Rivista Anarchica Online
L'importante è partecipare
di Colin Ward
Colin Ward, inglese, architetto, è
stato redattore del settimanale "Freedom" dal 1947 al 1960,
poi fondatore e animatore del mensile "Anarchy" dal 1960 al
1969. Oltre a numerosi libri che si
occupano di usi popolari e non convenzionali dell'ambiente abitativo,
ne ricordiamo qui l'unico ad esser stato tradotto in italiano:
Anarchia come organizzazione
(Edizioni Antistato, 1976, 1979). In queste pagine pubblichiamo la
relazione che Ward ha svolto nell'ambito del seminario "Urbanistica:
approcci libertari", tenutosi il 17 settembre scorso a Milano,
per iniziativa del Centro studi libertari e del Centro studi Co.S.A.
Quarant'anni fa, quando la rivista
"Volontà" veniva ancora redatta a Napoli dai miei
amici Giovanna Berneri e Cesare Zaccaria, venne pubblicato un
articolo sul problema della casa e sulla pianificazione urbana (da me
laboriosamente e senza dubbio inaccuratamente tradotto per il
giornale anarchico inglese "Freedom") a firma di un giovane
architetto, Giancarlo De Carlo.
Allora, come ora, la propaganda
anarchica era intralciata dal suo insistere che niente può
accadere se non accade tutto. La distruzione del capitalismo e dello
Stato erano le condizioni preliminari per poter costruire una società
libera. Il problema è che, allora come ora, né De
Carlo, né io, né i milioni di persone coinvolte possono
in realtà aspettare questi cambiamenti rivoluzionari. E
sarebbe interessante chiedersi se questi ultimi siano oggi più
vicini o più lontani di quanto lo fossero quarant'anni fa.
Alla ricerca di approcci alternativi,
De Carlo prendeva in esame le cooperative edilizie, le cooperative di
inquilini, gli scioperi dell'affitto e lo "squatting",
ovvero le occupazioni abusive di abitazioni vuote. Ora, nelle quattro
decadi che ci separano dal 1948 (millenovecentoquarantotto) abbiamo
potuto verificare come tutte queste tecniche di azione diretta messe
in atto dai cittadini più poveri, in Italia come in Gran
Bretagna o negli Stati Uniti, hanno portato ad un maggiore
coinvolgimento nella pianificazione urbana.
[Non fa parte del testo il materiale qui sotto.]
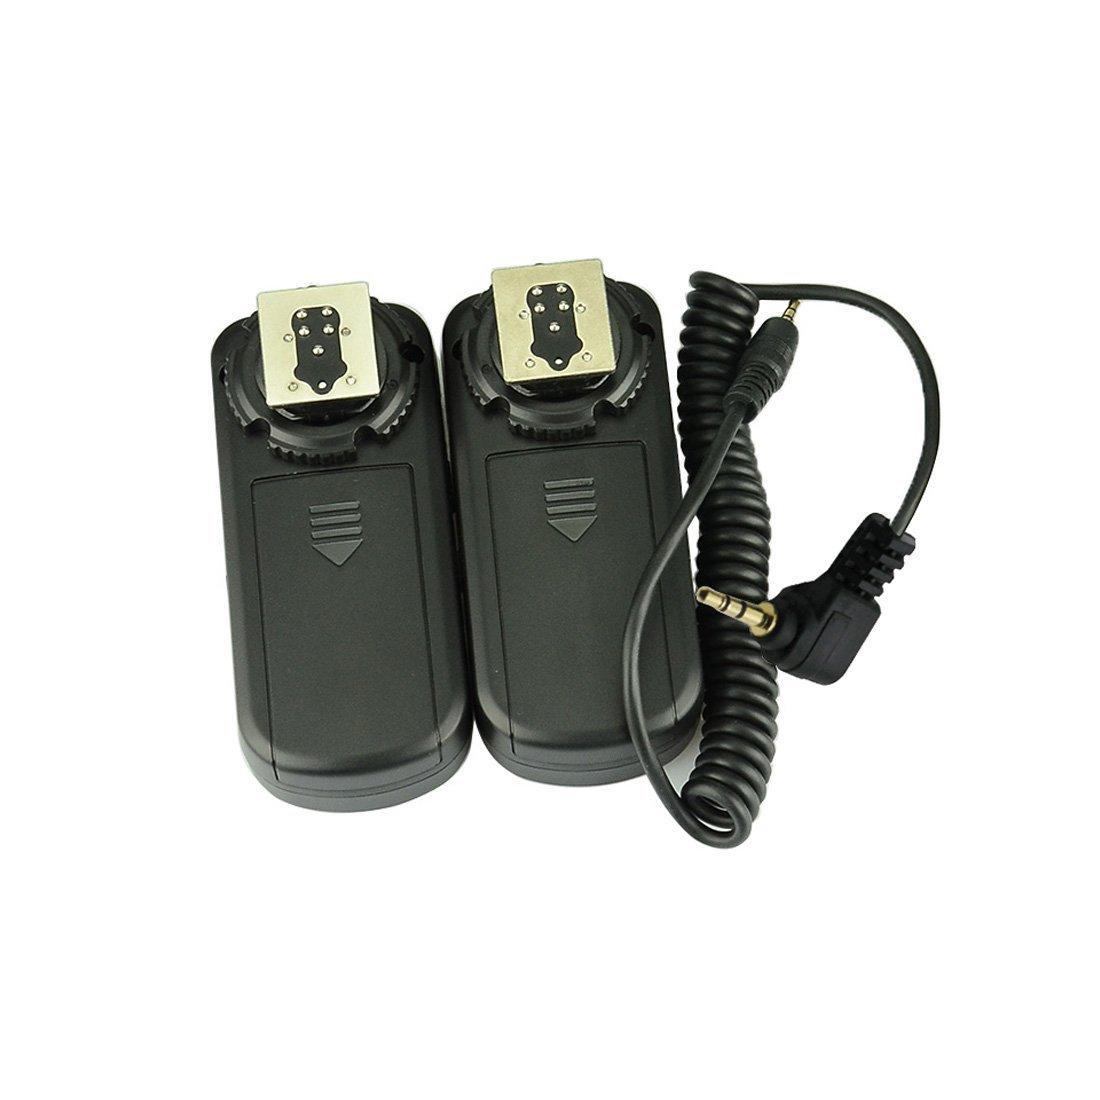 K5IIs,K7,K30,K50 K5 K500,K100D 645D K3II K3 Pentax KP as FK K-70 K-S1,K-S2,Pentax Q,Q10,Q-S1 JJC Hot Shoe Cover Protector Cap for Pentx 645Z K100D,Super K200D K5II

E proprio per quei ruoli
che i cittadini possono pretendere.
Aspettare la rivoluzione?
In quegli anni lontani, De Carlo
proseguiva prendendo in considerazione quale potesse essere un
atteggiamento anarchico nei confronti della pianificazione urbana:
"Può essere un atteggiamento di ostilità - il
piano emana necessariamente dall'autorità, non può
essere che dannoso e va osteggiato; non si possono, del resto,
modificare i modi di vita sbagliati attraverso le loro
rappresentazioni; bisogna prima cambiare i modi di vita, le
rappresentazioni muteranno di conseguenza".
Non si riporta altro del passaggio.